I see a lot of sophisticated stat types getting on Andrew’s case for “strawman NHST”, but what he is describing is rampant and widespread. Besides, I have never seen a rigorous research program out in the wild cleaving to a Neyman-Pearson decision framework consistently for long enough for type I error rates to matter…

‘then change the design to not do interactions’. I’m curious to see how you see that playing out in most real applied cases. Also, what’s the problem with a prior on an interaction? is making some assumptions about the shape of a parameter of interest egregiously worse than the myriad of other assumptions made in your favorite stats? Or is that just the one you think is rhetorically easiest to pick on? why is this assumption worse than, say, setting an utterly arbitrary alpha level? subjectivity is all around us.

Andrew:

I was thinking the other day: it’s great that there is a group of people with extraordinary statistical expertise who can identify problems with NHST and suggest alternatives; but if any method is going to be trickled down into daily use and standard practice, it’s going to be used by a much broader group of people with substantially less statistical expertise. Under those conditions, there will always be people who just want to put guts in the machine and get sausage out, and not worry too much about what happens inside. What will the shortcomings of the alternative methods be under those circumstances?
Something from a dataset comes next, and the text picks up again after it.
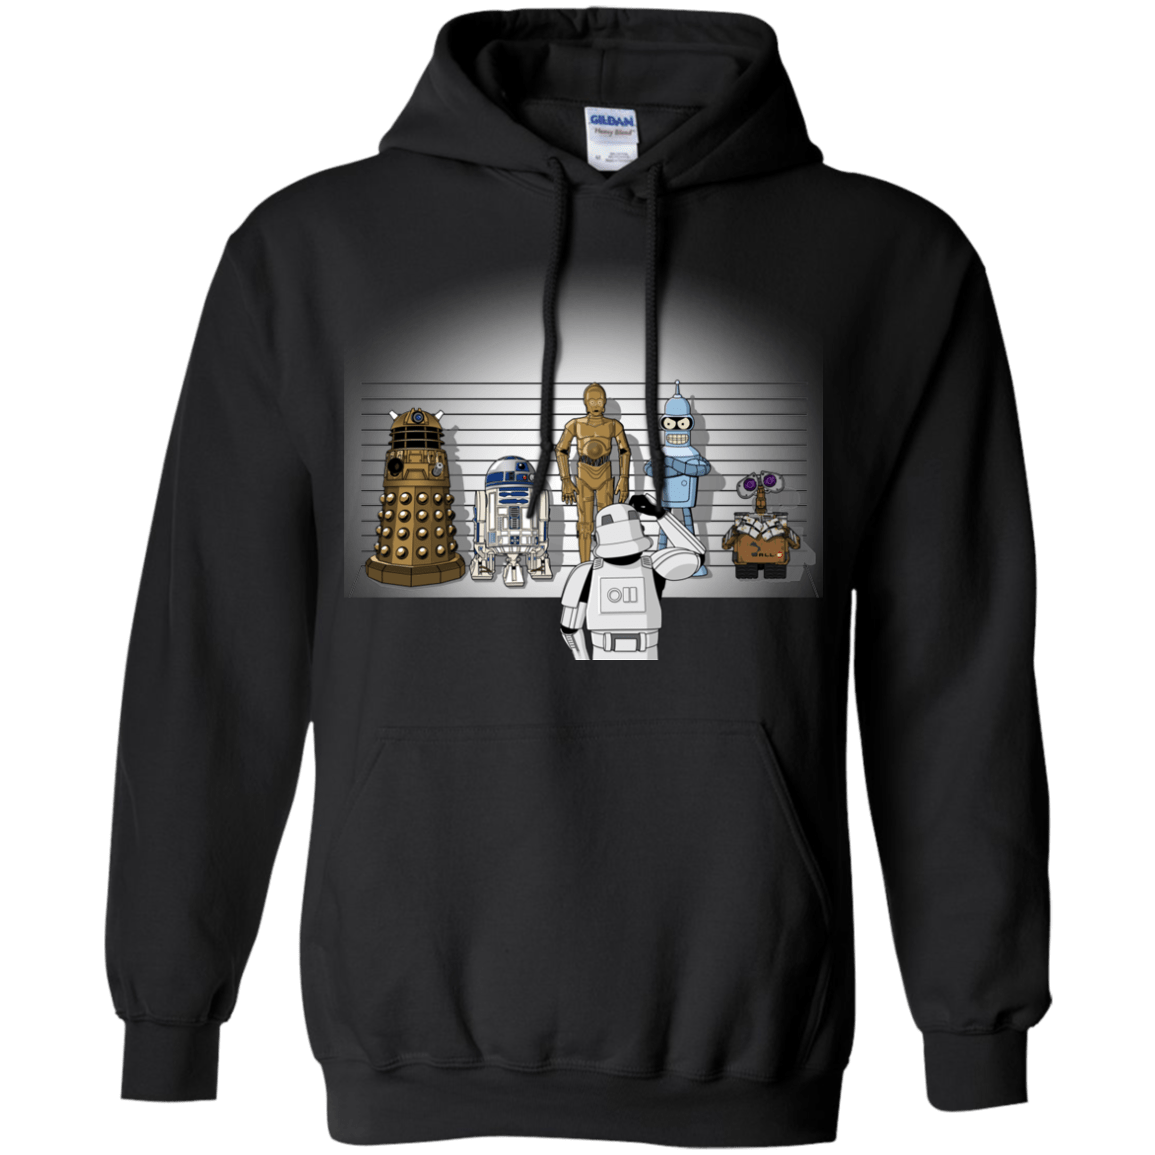 Sweatshirts Black / Small Are These Droids Pullover Hoodie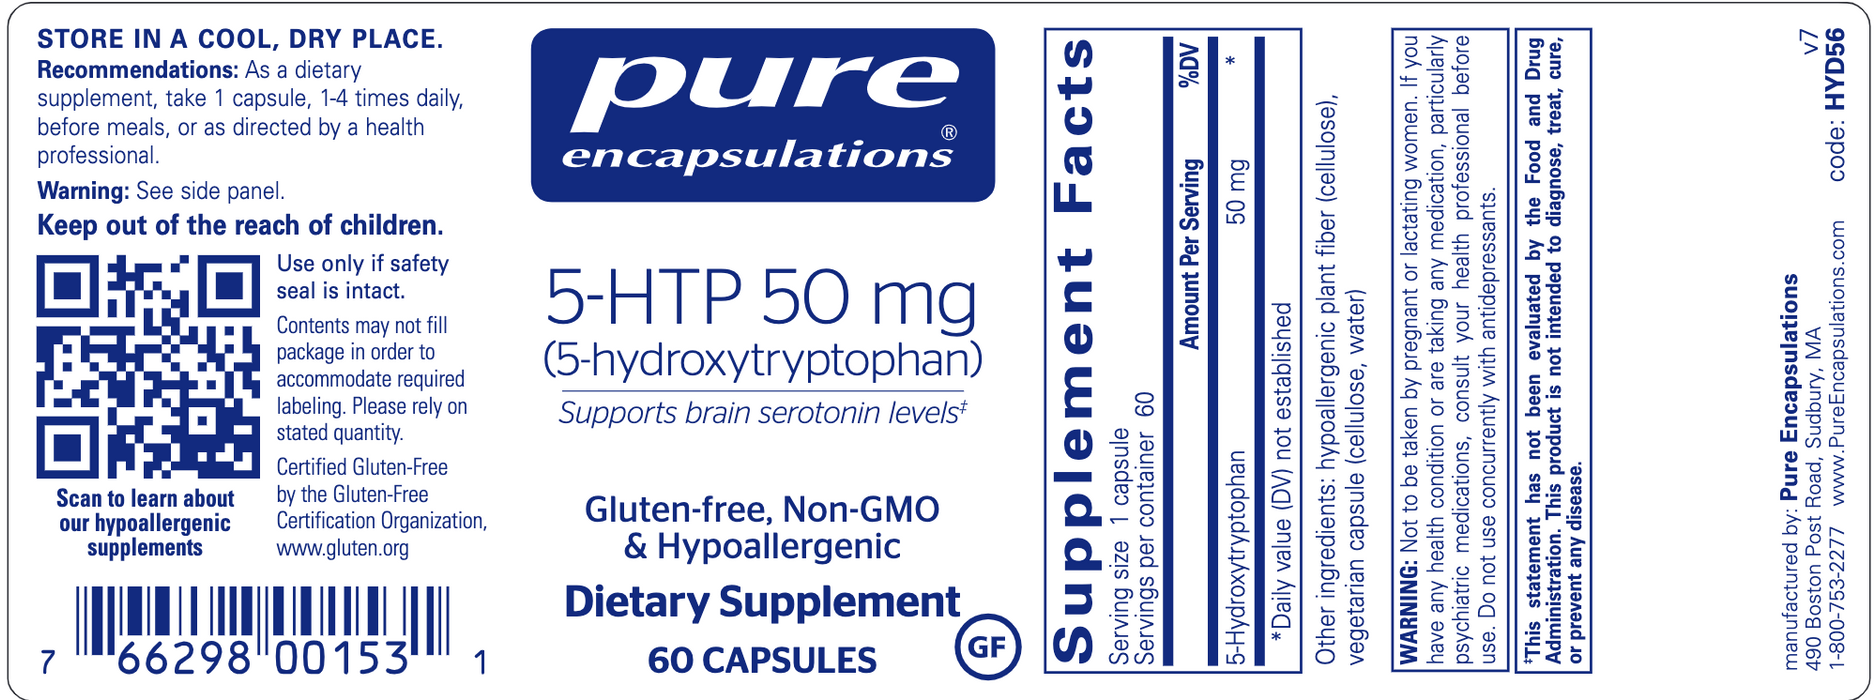 5-HTP (5-Hydroxytryptophan) (50 mg)-Vitamins & Supplements-Pure Encapsulations-180 Capsules-Pine Street Clinic

Not defending NHST by any means. But the more widely any method is used the more widely it will be abused. so that’s something to consider.

Jim:

I agree.

For example, suppose we characterize the current standard approach as:

Approach 0: Compute classical confidence intervals and then report YES THERE’S AN EFFECT if the interval clearly excludes zero and report MAYBE THERE’S A SMALL EFFECT if the endpoint of the interval is very close to zero and report THERE’S NO EFFECT if zero is well within the interval.

Now consider the following reform:

Approach 1: Use the same classification rule as above but with Bayesian posterior intervals. I think this approach would be an improvement, because it lets us include prior information. But it still has major problems.

Then we can move to:

Approach 2: Do Approach 1, but instead of looking at comparisons or estimates one at a time, look at all of them at once, if possible embedding them in a hierarchical model. I think this would be a further improvement, because it uses more information and helps us avoid selection bias relating to forking paths. But it still has the problem that it’s extracting certainty from uncertainty.

So this moves to some sort of:

Approach 3: Do good modeling and report uncertainty intervals conditional on the model, but don’t use overlap-with-zero as a way of making strong deterministic-sounding statements.